What the task requires
Please print the data that follows, keeping every line exact.

Dataset items

----

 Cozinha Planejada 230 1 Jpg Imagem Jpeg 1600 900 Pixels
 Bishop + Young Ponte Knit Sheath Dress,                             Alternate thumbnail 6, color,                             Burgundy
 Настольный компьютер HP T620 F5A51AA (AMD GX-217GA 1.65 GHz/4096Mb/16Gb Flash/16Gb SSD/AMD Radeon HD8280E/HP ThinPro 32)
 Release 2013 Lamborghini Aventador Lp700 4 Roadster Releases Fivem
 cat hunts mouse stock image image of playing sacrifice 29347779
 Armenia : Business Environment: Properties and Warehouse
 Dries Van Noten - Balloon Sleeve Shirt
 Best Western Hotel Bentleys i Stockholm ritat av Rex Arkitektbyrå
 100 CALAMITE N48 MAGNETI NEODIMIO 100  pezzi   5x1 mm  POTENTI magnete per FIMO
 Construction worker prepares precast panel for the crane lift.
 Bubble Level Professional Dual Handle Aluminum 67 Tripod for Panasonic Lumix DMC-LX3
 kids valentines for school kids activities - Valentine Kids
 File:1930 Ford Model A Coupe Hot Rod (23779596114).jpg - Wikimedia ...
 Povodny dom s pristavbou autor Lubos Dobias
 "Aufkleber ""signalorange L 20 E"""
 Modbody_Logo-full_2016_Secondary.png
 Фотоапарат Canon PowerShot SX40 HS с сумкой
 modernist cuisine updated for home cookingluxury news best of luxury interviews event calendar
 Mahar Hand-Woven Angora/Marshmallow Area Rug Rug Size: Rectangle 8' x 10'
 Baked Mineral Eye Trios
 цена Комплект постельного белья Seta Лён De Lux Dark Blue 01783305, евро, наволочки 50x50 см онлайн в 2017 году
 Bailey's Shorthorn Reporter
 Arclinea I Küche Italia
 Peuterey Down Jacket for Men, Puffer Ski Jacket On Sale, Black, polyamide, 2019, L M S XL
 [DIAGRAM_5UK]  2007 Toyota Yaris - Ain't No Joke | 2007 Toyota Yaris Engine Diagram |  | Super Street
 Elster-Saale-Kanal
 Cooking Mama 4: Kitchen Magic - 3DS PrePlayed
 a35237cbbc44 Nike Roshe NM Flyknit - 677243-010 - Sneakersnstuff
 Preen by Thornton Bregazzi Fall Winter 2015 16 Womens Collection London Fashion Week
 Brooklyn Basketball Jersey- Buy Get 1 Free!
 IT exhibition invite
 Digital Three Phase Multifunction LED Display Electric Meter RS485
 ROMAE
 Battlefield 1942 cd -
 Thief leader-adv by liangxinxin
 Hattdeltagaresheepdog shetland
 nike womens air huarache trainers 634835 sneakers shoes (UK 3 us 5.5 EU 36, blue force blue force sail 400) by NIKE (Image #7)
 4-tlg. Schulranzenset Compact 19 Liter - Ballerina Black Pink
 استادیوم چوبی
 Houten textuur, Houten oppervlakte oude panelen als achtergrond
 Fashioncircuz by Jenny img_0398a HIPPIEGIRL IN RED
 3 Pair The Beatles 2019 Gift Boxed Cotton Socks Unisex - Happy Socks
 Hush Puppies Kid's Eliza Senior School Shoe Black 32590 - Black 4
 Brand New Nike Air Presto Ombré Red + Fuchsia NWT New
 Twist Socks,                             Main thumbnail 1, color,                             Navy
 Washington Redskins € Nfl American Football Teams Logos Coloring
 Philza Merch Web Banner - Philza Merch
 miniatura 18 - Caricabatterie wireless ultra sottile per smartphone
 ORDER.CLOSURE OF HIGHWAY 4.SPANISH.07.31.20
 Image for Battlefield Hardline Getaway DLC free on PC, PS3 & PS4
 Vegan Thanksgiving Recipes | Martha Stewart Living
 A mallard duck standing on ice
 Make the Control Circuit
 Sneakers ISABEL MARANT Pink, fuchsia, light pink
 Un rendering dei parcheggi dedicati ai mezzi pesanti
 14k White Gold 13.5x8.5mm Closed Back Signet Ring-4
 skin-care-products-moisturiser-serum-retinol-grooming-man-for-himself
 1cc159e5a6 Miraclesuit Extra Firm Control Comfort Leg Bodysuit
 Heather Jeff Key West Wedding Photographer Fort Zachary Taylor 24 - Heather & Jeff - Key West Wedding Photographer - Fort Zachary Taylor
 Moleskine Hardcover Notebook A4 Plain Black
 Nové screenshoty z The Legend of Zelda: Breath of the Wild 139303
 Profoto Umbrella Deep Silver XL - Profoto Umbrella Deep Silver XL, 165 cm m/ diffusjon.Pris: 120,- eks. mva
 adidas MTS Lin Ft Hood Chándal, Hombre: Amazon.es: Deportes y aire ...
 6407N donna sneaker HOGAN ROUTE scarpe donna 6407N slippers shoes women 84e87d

----

Exercise response
 Cozinha Planejada 230 1 Jpg Imagem Jpeg 1600 900 Pixels
 Bishop + Young Ponte Knit Sheath Dress,                             Alternate thumbnail 6, color,                             Burgundy
 Настольный компьютер HP T620 F5A51AA (AMD GX-217GA 1.65 GHz/4096Mb/16Gb Flash/16Gb SSD/AMD Radeon HD8280E/HP ThinPro 32)
 Release 2013 Lamborghini Aventador Lp700 4 Roadster Releases Fivem
 cat hunts mouse stock image image of playing sacrifice 29347779
 Armenia : Business Environment: Properties and Warehouse
 Dries Van Noten - Balloon Sleeve Shirt
 Best Western Hotel Bentleys i Stockholm ritat av Rex Arkitektbyrå
 100 CALAMITE N48 MAGNETI NEODIMIO 100  pezzi   5x1 mm  POTENTI magnete per FIMO
 Construction worker prepares precast panel for the crane lift.
 Bubble Level Professional Dual Handle Aluminum 67 Tripod for Panasonic Lumix DMC-LX3
 kids valentines for school kids activities - Valentine Kids
 File:1930 Ford Model A Coupe Hot Rod (23779596114).jpg - Wikimedia ...
 Povodny dom s pristavbou autor Lubos Dobias
 "Aufkleber ""signalorange L 20 E"""
 Modbody_Logo-full_2016_Secondary.png
 Фотоапарат Canon PowerShot SX40 HS с сумкой
 modernist cuisine updated for home cookingluxury news best of luxury interviews event calendar
 Mahar Hand-Woven Angora/Marshmallow Area Rug Rug Size: Rectangle 8' x 10'
 Baked Mineral Eye Trios
 цена Комплект постельного белья Seta Лён De Lux Dark Blue 01783305, евро, наволочки 50x50 см онлайн в 2017 году
 Bailey's Shorthorn Reporter
 Arclinea I Küche Italia
 Peuterey Down Jacket for Men, Puffer Ski Jacket On Sale, Black, polyamide, 2019, L M S XL
 [DIAGRAM_5UK]  2007 Toyota Yaris - Ain't No Joke | 2007 Toyota Yaris Engine Diagram |  | Super Street
 Elster-Saale-Kanal
 Cooking Mama 4: Kitchen Magic - 3DS PrePlayed
 a35237cbbc44 Nike Roshe NM Flyknit - 677243-010 - Sneakersnstuff
 Preen by Thornton Bregazzi Fall Winter 2015 16 Womens Collection London Fashion Week
 Brooklyn Basketball Jersey- Buy Get 1 Free!
 IT exhibition invite
 Digital Three Phase Multifunction LED Display Electric Meter RS485
 ROMAE
 Battlefield 1942 cd -
 Thief leader-adv by liangxinxin
 Hattdeltagaresheepdog shetland
 nike womens air huarache trainers 634835 sneakers shoes (UK 3 us 5.5 EU 36, blue force blue force sail 400) by NIKE (Image #7)
 4-tlg. Schulranzenset Compact 19 Liter - Ballerina Black Pink
 استادیوم چوبی
 Houten textuur, Houten oppervlakte oude panelen als achtergrond
 Fashioncircuz by Jenny img_0398a HIPPIEGIRL IN RED
 3 Pair The Beatles 2019 Gift Boxed Cotton Socks Unisex - Happy Socks
 Hush Puppies Kid's Eliza Senior School Shoe Black 32590 - Black 4
 Brand New Nike Air Presto Ombré Red + Fuchsia NWT New
 Twist Socks,                             Main thumbnail 1, color,                             Navy
 Washington Redskins € Nfl American Football Teams Logos Coloring
 Philza Merch Web Banner - Philza Merch
 miniatura 18 - Caricabatterie wireless ultra sottile per smartphone
 ORDER.CLOSURE OF HIGHWAY 4.SPANISH.07.31.20
 Image for Battlefield Hardline Getaway DLC free on PC, PS3 & PS4
 Vegan Thanksgiving Recipes | Martha Stewart Living
 A mallard duck standing on ice
 Make the Control Circuit
 Sneakers ISABEL MARANT Pink, fuchsia, light pink
 Un rendering dei parcheggi dedicati ai mezzi pesanti
 14k White Gold 13.5x8.5mm Closed Back Signet Ring-4
 skin-care-products-moisturiser-serum-retinol-grooming-man-for-himself
 1cc159e5a6 Miraclesuit Extra Firm Control Comfort Leg Bodysuit
 Heather Jeff Key West Wedding Photographer Fort Zachary Taylor 24 - Heather & Jeff - Key West Wedding Photographer - Fort Zachary Taylor
 Moleskine Hardcover Notebook A4 Plain Black
 Nové screenshoty z The Legend of Zelda: Breath of the Wild 139303
 Profoto Umbrella Deep Silver XL - Profoto Umbrella Deep Silver XL, 165 cm m/ diffusjon.Pris: 120,- eks. mva
 adidas MTS Lin Ft Hood Chándal, Hombre: Amazon.es: Deportes y aire ...
 6407N donna sneaker HOGAN ROUTE scarpe donna 6407N slippers shoes women 84e87d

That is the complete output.